Given that the analysis of balance in base composition suggested that the base composition was not stable, the substitution frequencies were used to predict the base composition that would be achieved after repeated replication and mutation, according to the calculated substitution frequencies. The resulting base composition decreased in the fraction of A and increased in the proportion of C. The extrapolated composition was not significantly different from those of other badnaviruses and of CaMV.

The same data were used to calculate substitution frequencies (Chenault & Melcher, 1994a ), which measure the probability of one nucleotide being replaced by another. The calculation corrects for the base composition of the DNA. The frequencies are shown in Table 4. The frequencies of G→A, T→C and C→T transitions were not significantly different from one another. However, the frequency of A→G transitions was significantly less, a result also obtained for CaMV (Chenault & Melcher, 1994a ). The calculated RTBV frequencies were similar to the CaMV frequencies, suggesting that approximately the same amount of evolutionary change is represented in the RTBV variants as in the CaMV isolates.

Though the substitutions observed have not significantly affected RTBV base composition, since the accepted changes occurred in less than 5% of positions, base composition changes may have occurred in the distant past and may continue into the future. The base composition of the RTBV positive strand is anomalous among the badnaviruses. The composition is also not that expected from the spectrum of substitutions that have occurred after the divergence of Phi-1, Phi-2, Phi-3 and G2 from one another. The spectrum has been deduced from changes at only a few positions in the RTBV genome. Assuming that the spectrum is applicable to all positions leads to the prediction that, if RTBV is allowed to continue to evolve under the present conditions, its base composition will eventually mirror those of other badnaviruses. Its current composition is unstable in this view.

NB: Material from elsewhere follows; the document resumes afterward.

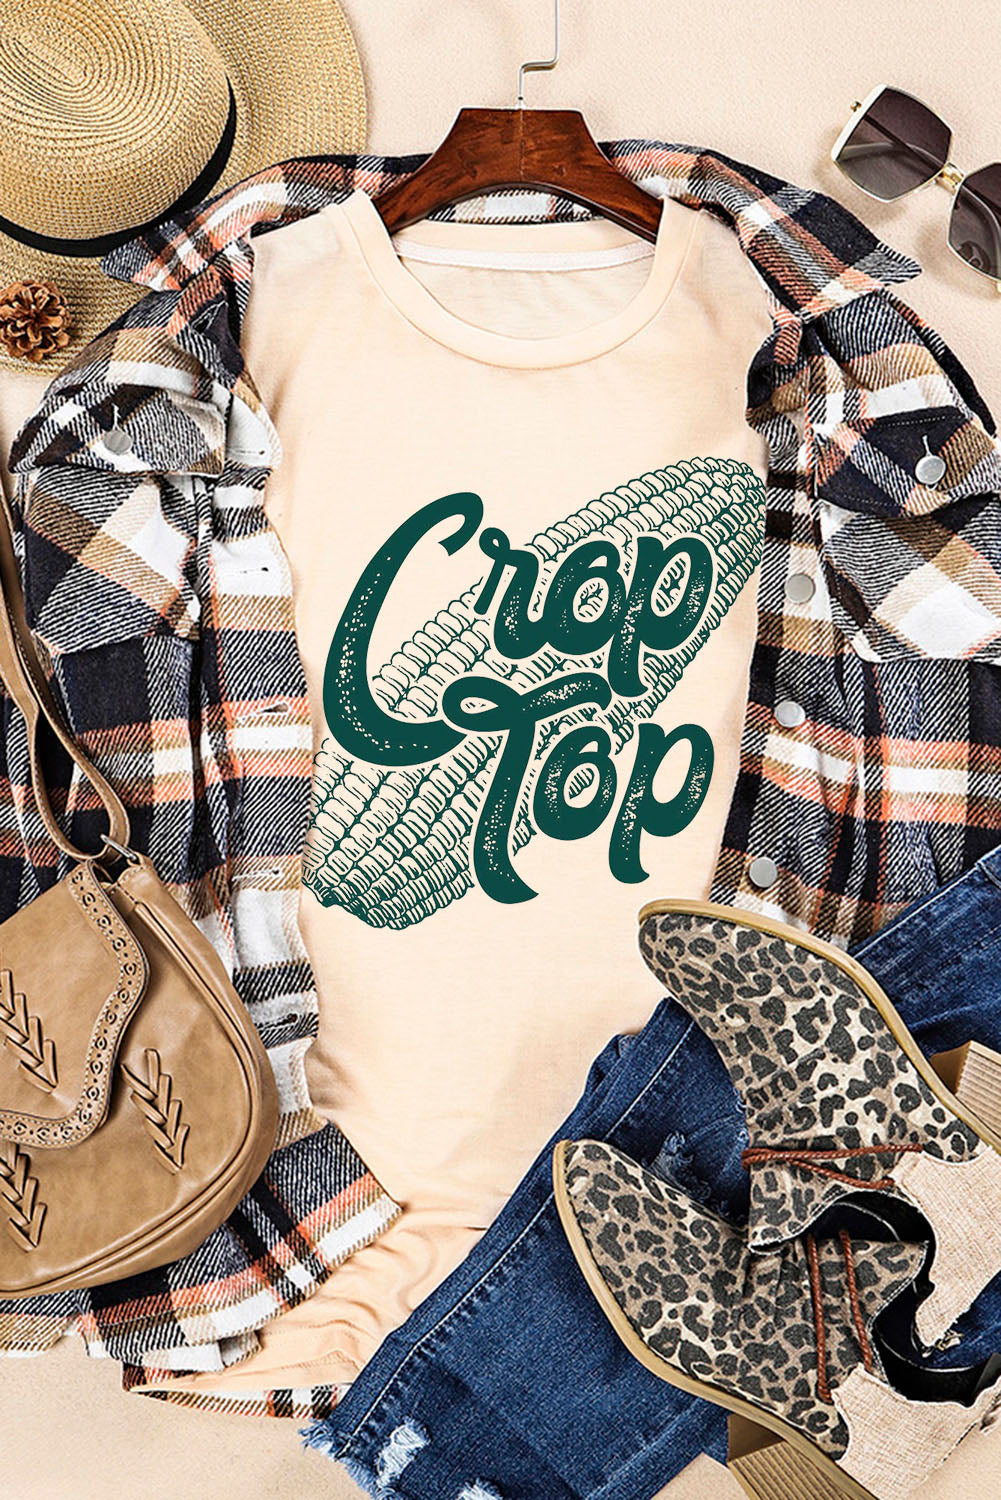 Khaki Corn Crop Top Graphic Tee
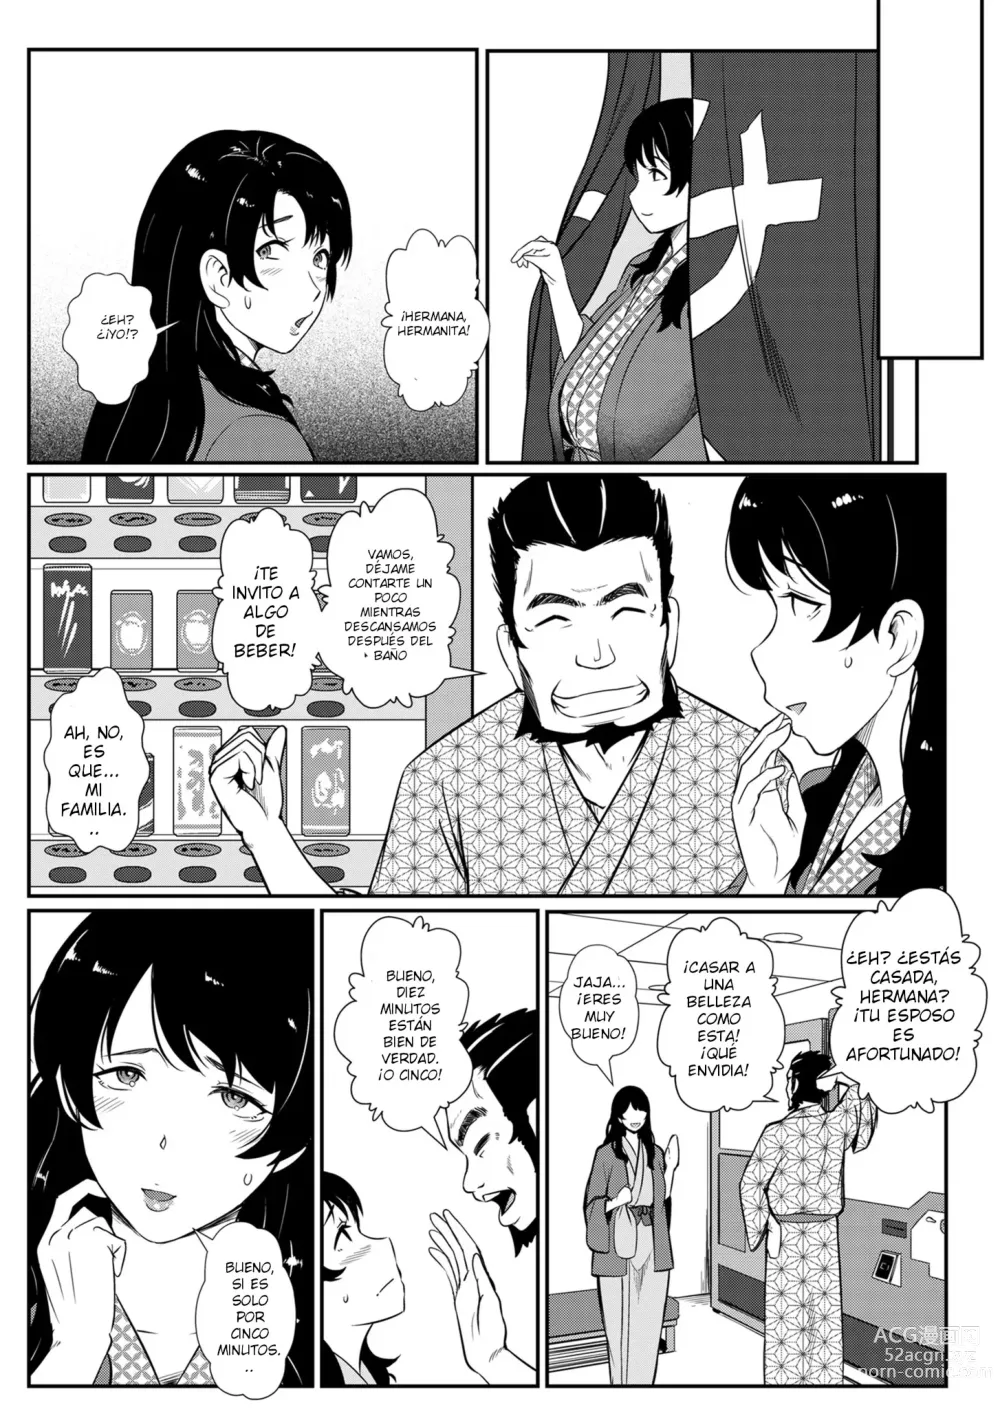 Page 6 of manga Haha wa tabi no owari ni...

Implications of these evolutionary forces on the evolution of the IRRI RTBV isolate
The analysis in this study of six RTBV sequences that were derived from the same greenhouse virus culture at IRRI, which was in turn originally obtained from the field, confirms that the IRRI isolate is a mixture of variants with different biological and genetic properties (quasispecies). The six sequences fell into two clusters of sequence types, one consisting of G1 and Ic and the other consisting of the remaining four variants, Phi-1, Phi-2, Phi-3 and G2. Examining genome sequences in a heterogeneous virus population allows us to check the causes and effects of adaptive or evolutionary changes, and the information would be important in developing transgenic plants with resistance to a wide array of virus isolates (Hull, 1994 ). Alignment of G1, G2 and Ic sequences with those of the other isolates revealed highly conserved regions, particularly in the functional domains in ORF3, and suggested that the cysteine-rich region may be the only domain that carries some adaptive changes. It would be interesting to monitor field populations for that specific domain and examine its relationship to the different adaptive changes seen.

The authors would like to acknowledge that part of this work was supported by the Oklahoma Agricultural Experiment Station.

Footnotes

The EMBL accession numbers of the RTBV DNA sequences reported in this paper are AF113830AF113832.